Professor Kalbermatten and James Ramsburg (18) received the Presidential Faculty-Student Collaboration Grant 2017-2018 Posted on May 8th, 2017 by

Professor Kalbermatten is an Associate Professor of Spanish.

Professor María Isabel Kalbermatten and James Ramsburg (18) received the Presidential Faculty-Student Collaboration Grant 2017-2018 for their project titled “Manipulation and Representation of Reality in Cristina Kirchner’s Political Discourses from 2007 to 2015.” The main goal of the project is to show how audiences could be manipulated through the speeches of the former president of Argentina.

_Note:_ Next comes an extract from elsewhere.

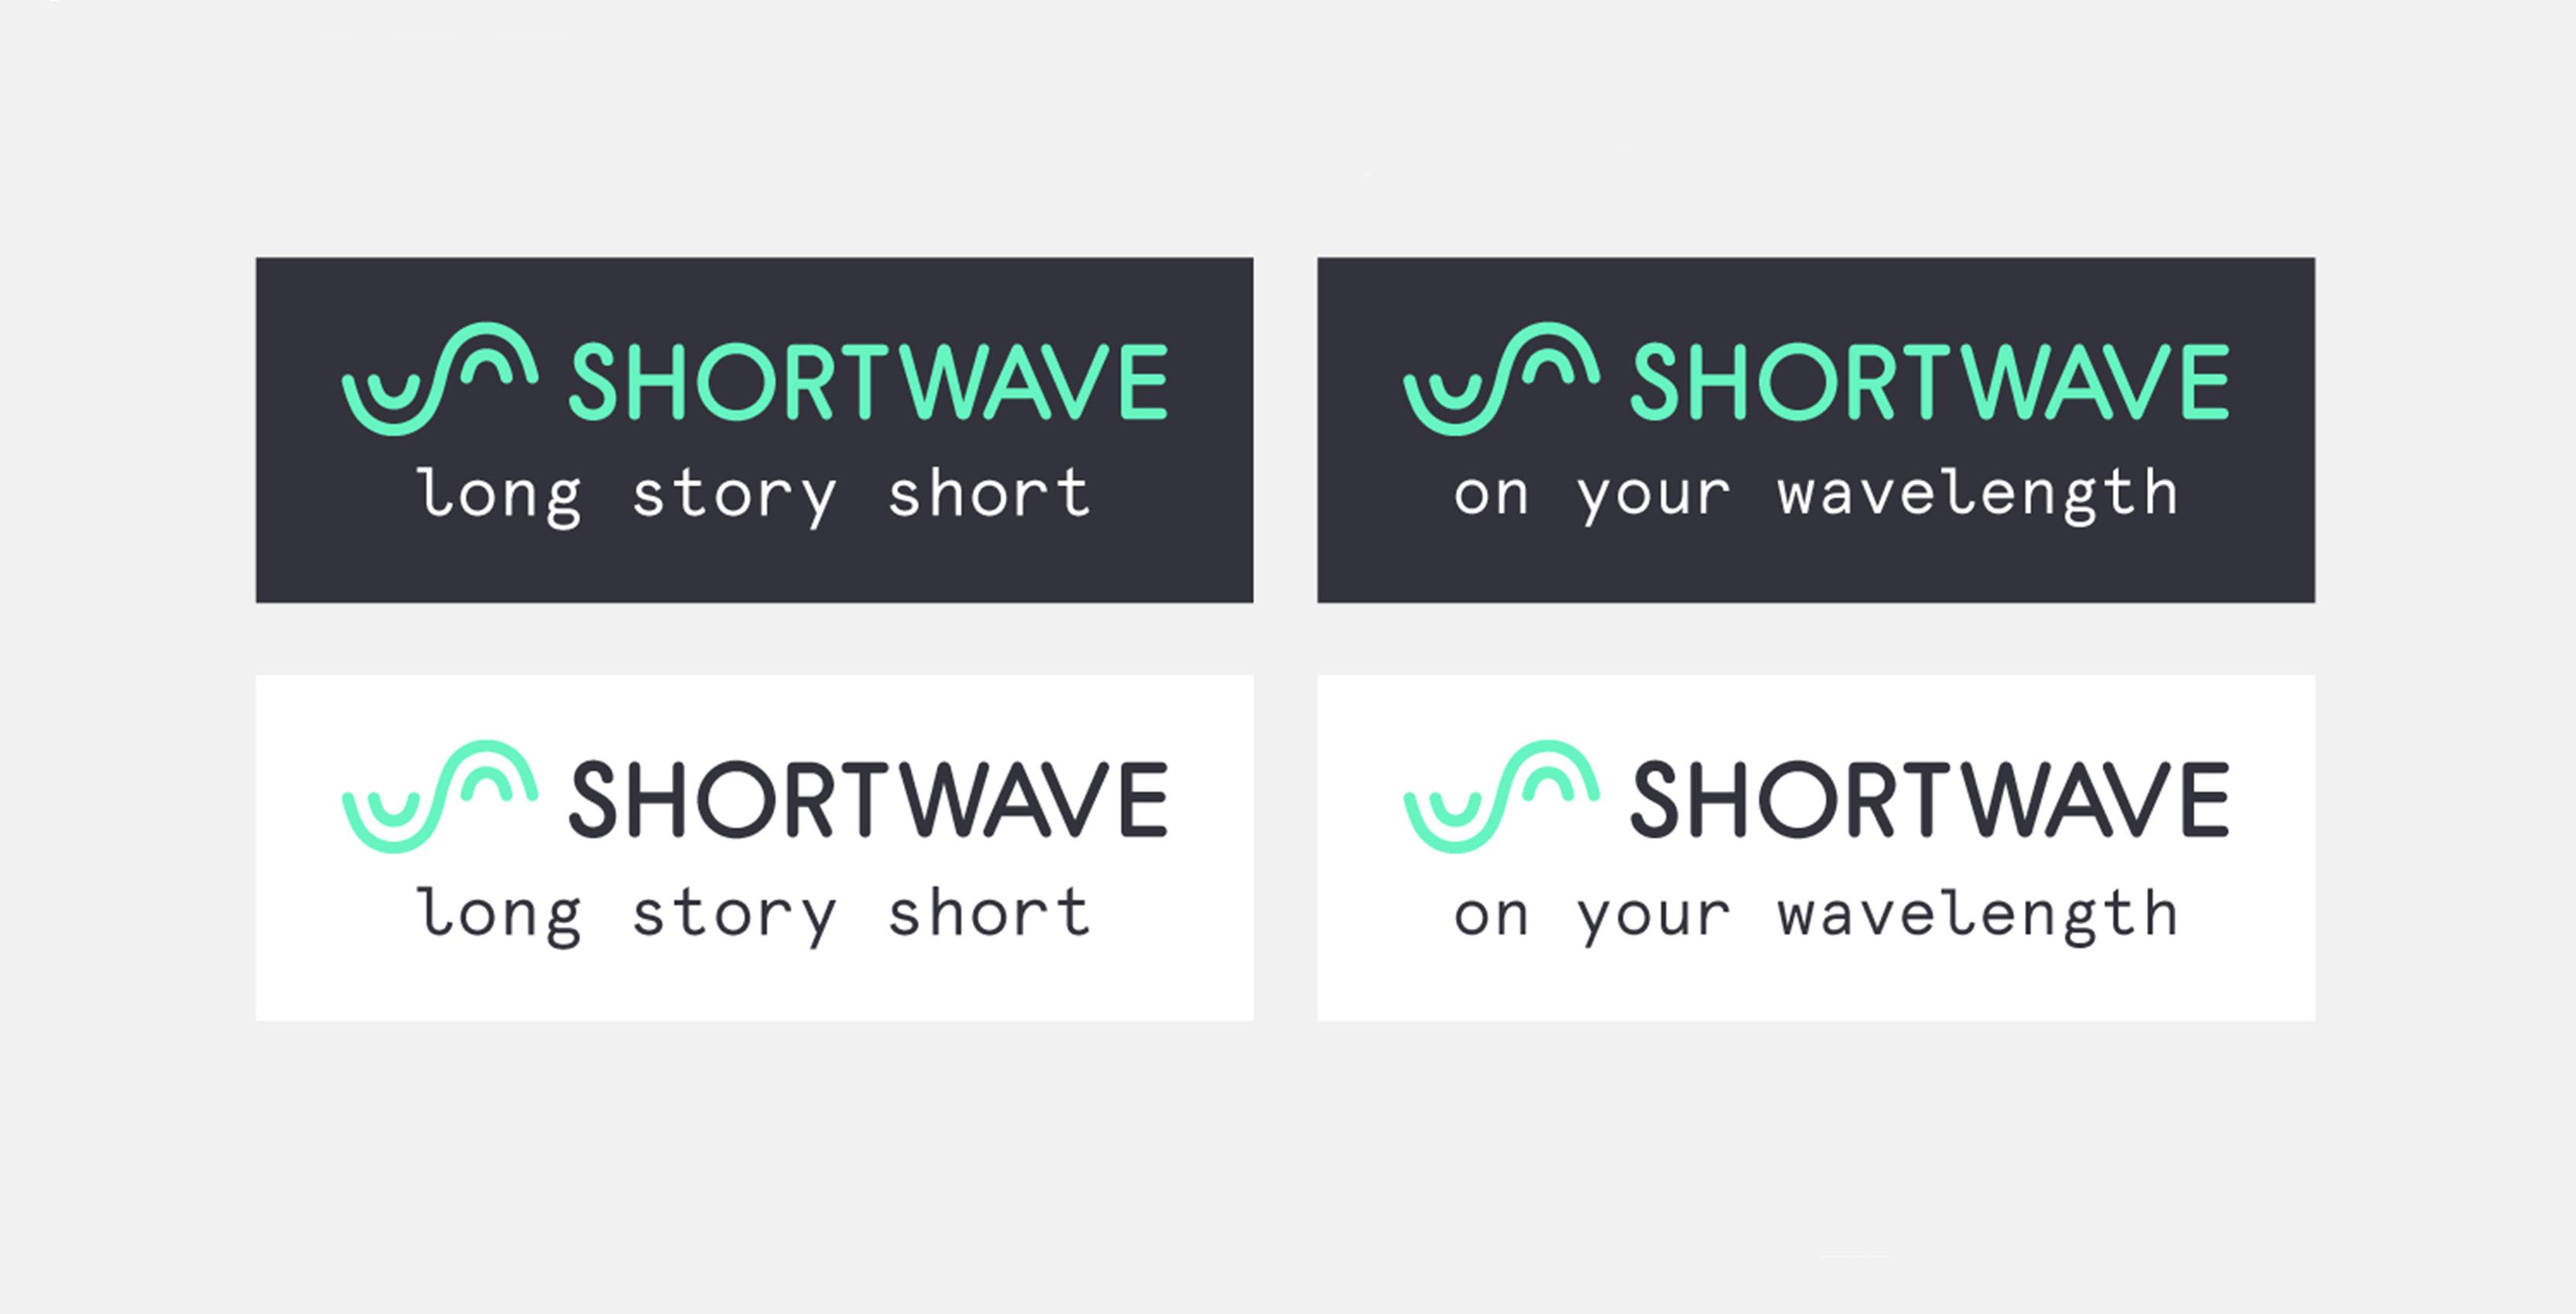 Shortwave logos and slogans

During the summer, Professor Kalbermatten and James Ramsburg will analyze how Cristina Kirchner’s political discourses try to direct the mind of the recipients (i.e., their knowledge and beliefs and, indirectly, their acts) in her favor and against those of the “others” (e.g., the media, the judiciary, the financial services industry and “vulture funds,” imperialism, etc.), by using certain discursive strategies.


Professor Kalbermatten is excited to be working in this project. “This project will continue my previous research on ideology, manipulation and discourse. In this new project, I would like to more explicitly explore the relationship among ideology, manipulation and representation of reality in political discourses such as those of the former president of Argentina. I want to analyze how the reality is represented in those speeches through the use of specific linguistics strategies. I have been doing research on Critical Discourse Analysis (CDA), which is an interdisciplinary approach to discourse that views language as a form of social practice and focuses on the ways social and political domination are reproduced by text and talk. I have also been doing research on Feminist Critical Discourse Analysis that focuses on how gender ideology and gendered relations of power are produced, negotiated and contested in representations of social practice, in social relationships among people, and in an individual’s social and personal identities in text and talk.”

James Ramsburg (18) is a double major in Spanish and LALACS.

Professor Kalbermatten also pointed out that, “The discursive analysis of Cristina Fernández de Kirchner requires a well-suited collaborator and provides an opportunity for me to engage in student-faculty research. James Ramsburg is ideal for working on this project. He has taken my class Spanish Thru Linguistics (Spa 370) in the fall of 2016. He is an excellent student, and his passion for linguistics and discourse analysis is admirable.”

James Ramsburg, who is a double major in Spanish and LALACS, said: “I am incredibly excited to be working on this project with Professor Kalbermatten as it represents a unique undergraduate opportunity to connect theory with practice and because it is an invaluable hands-on experience to prepare me for graduate school and beyond. The knowledge I gain through working on this investigation will also serve as the foundation for my LALACS senior capstone project, which will employ applied linguistics in the Latin American context – most likely in the form of discourse analysis.